→ Available data
◆ ◆ ◆ ◆ ◆

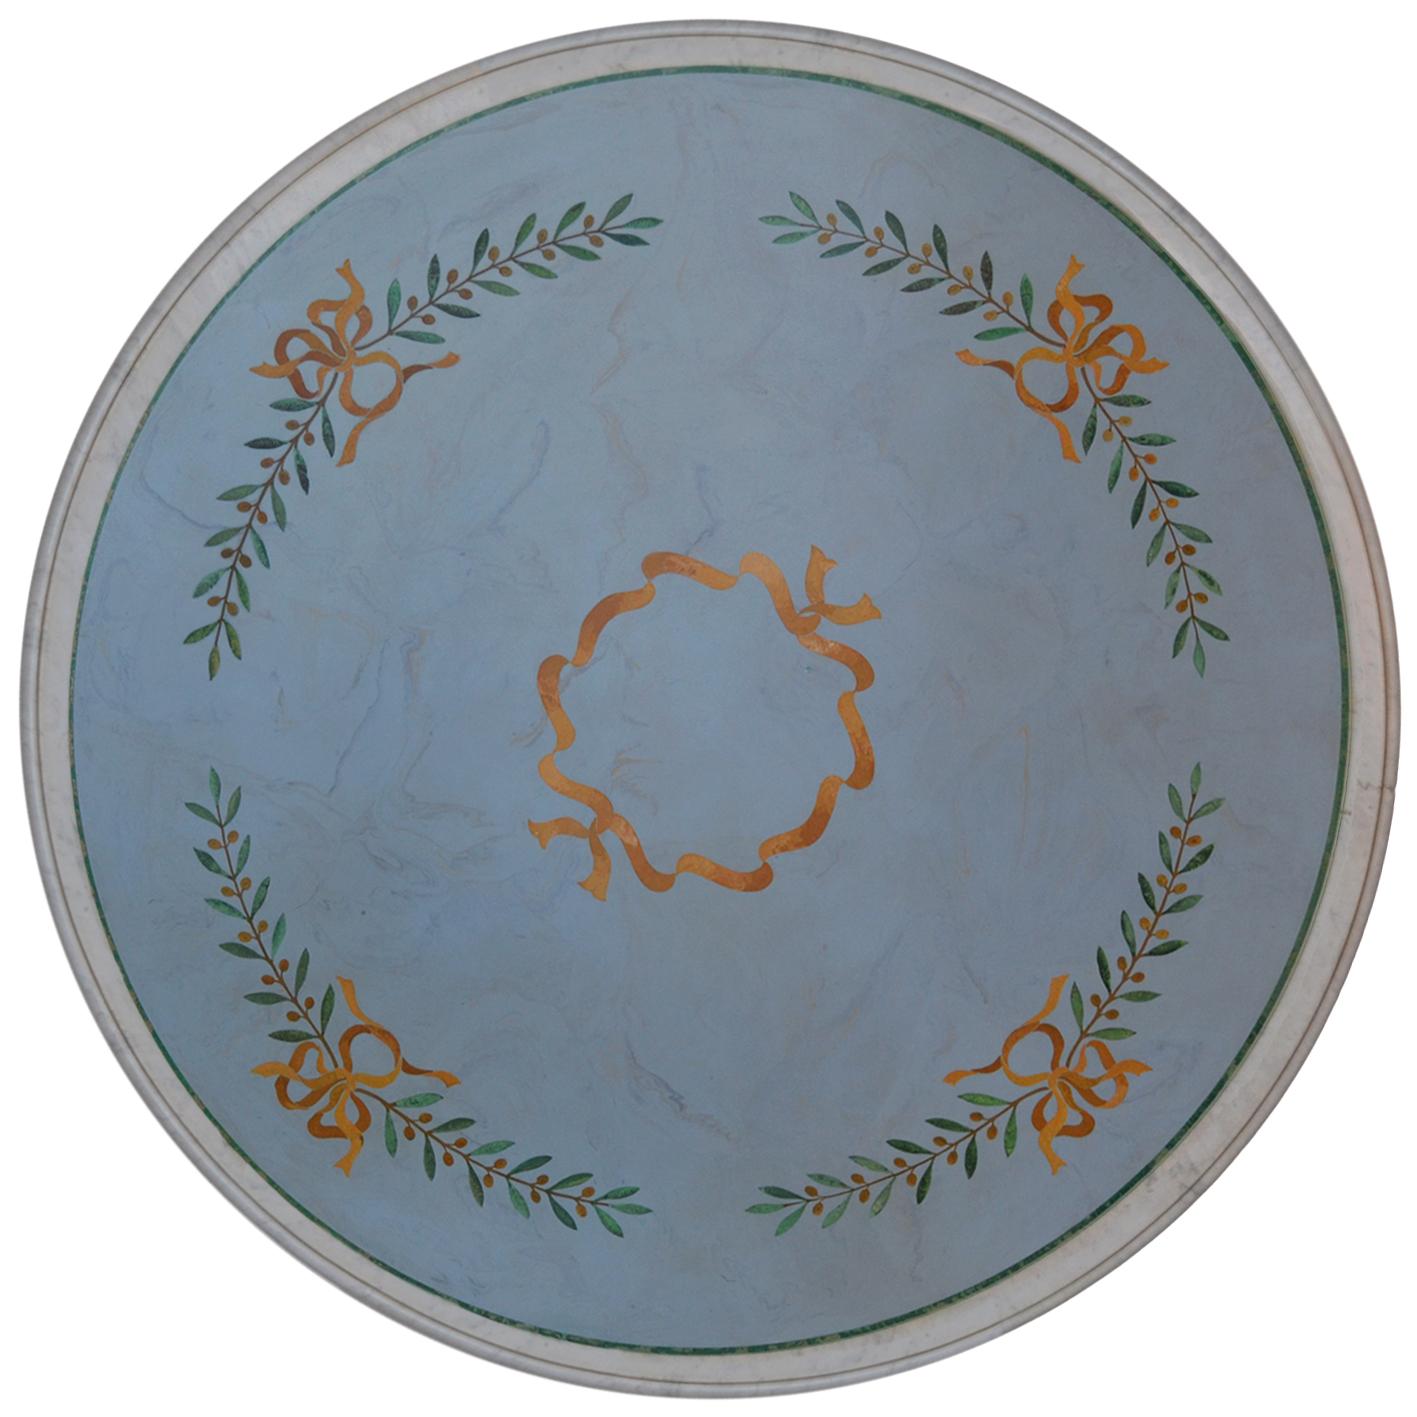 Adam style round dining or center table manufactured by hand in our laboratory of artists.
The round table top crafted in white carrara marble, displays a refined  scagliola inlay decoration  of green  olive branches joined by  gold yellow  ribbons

◆ ◆ ◆ ◆ ◆

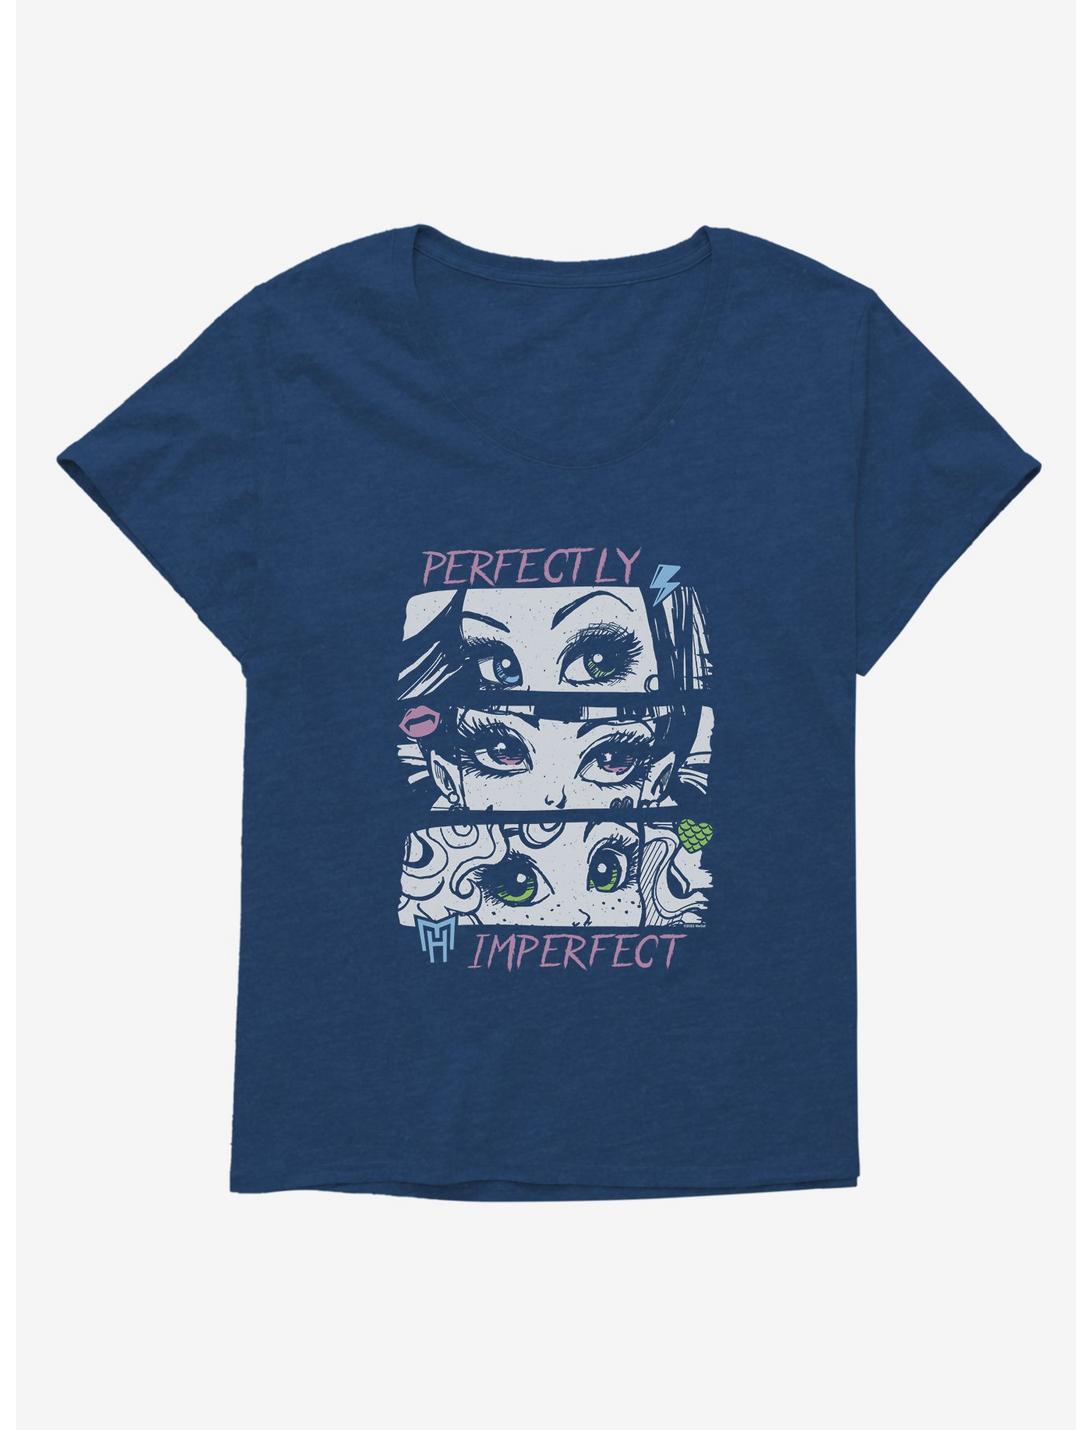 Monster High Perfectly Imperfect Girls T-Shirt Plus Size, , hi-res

◆ ◆ ◆ ◆ ◆

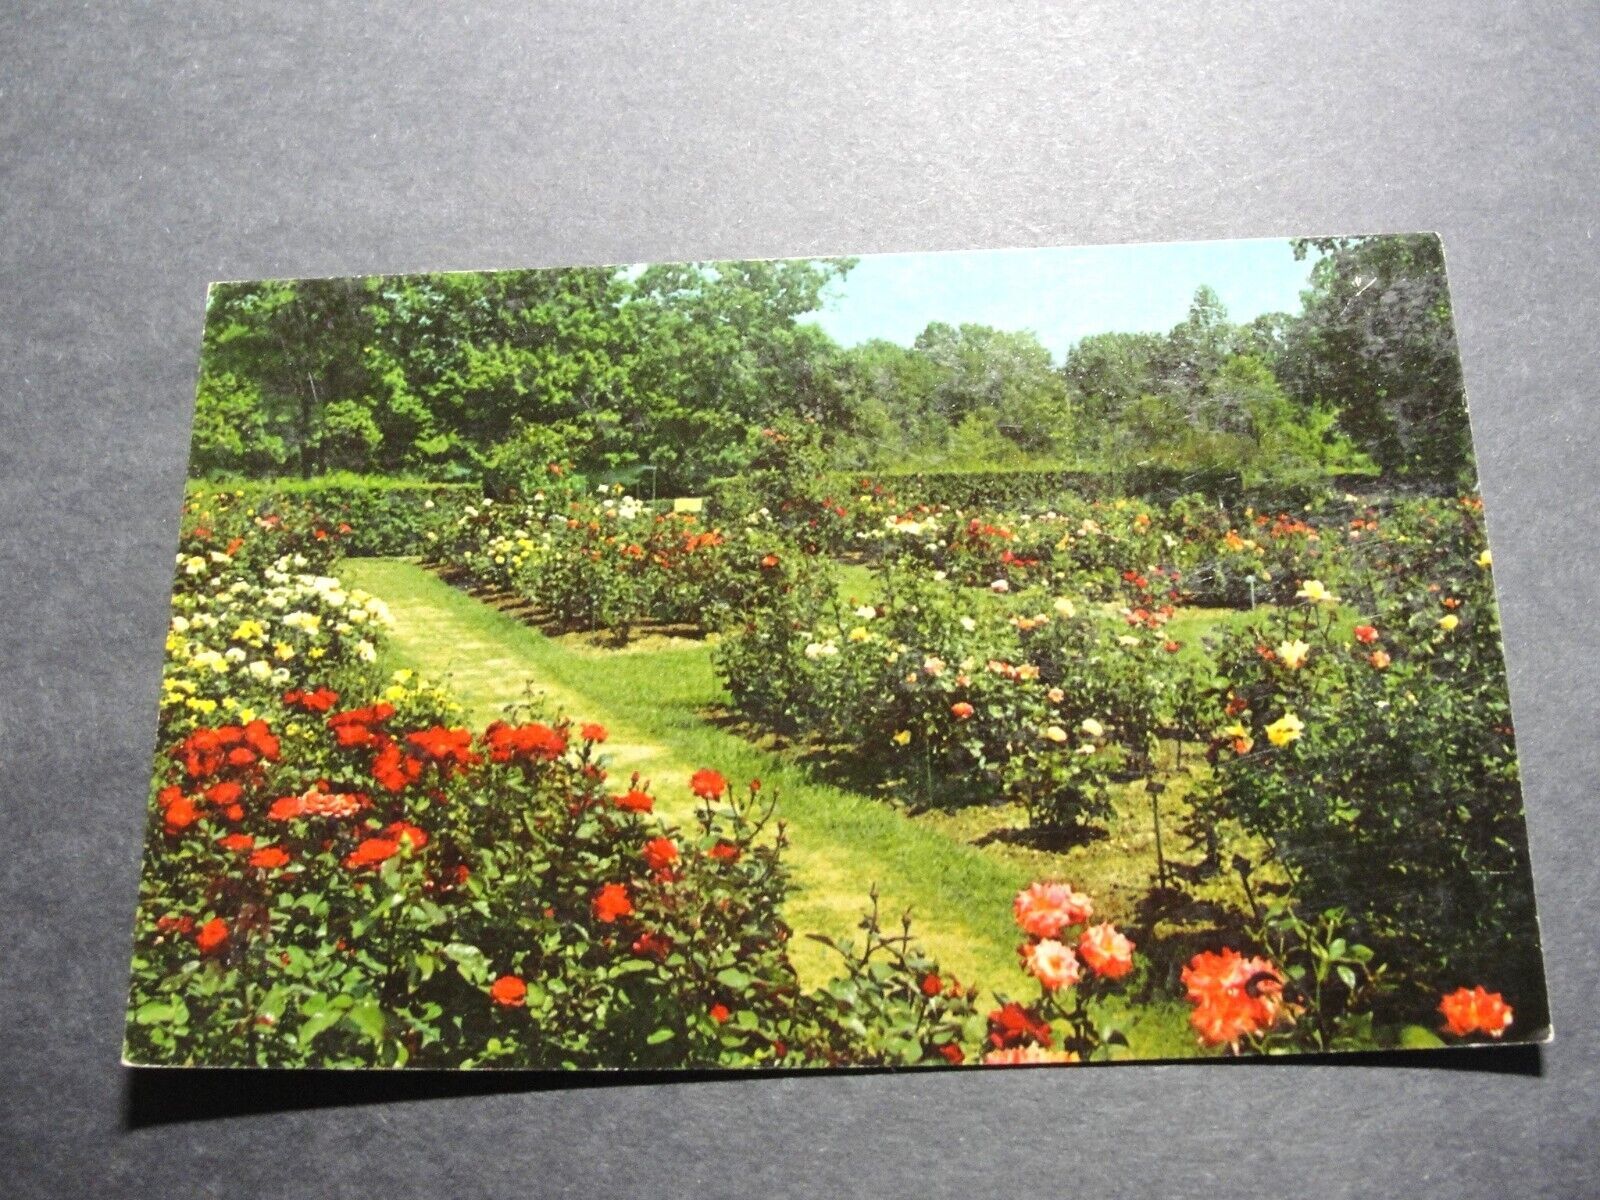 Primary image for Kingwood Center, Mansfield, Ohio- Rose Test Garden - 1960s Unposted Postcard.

◆ ◆ ◆ ◆ ◆

→ What this task involves
In the listing above, find the line containing "Adam style round" and the line containing "The round table"; print those lines and every line between them exactly, leaving out pictures.

→ Final answer
 Adam style round dining or center table manufactured by hand in our laboratory of artists.
The round table top crafted in white carrara marble, displays a refined  scagliola inlay decoration  of green  olive branches joined by  gold yellow  ribbons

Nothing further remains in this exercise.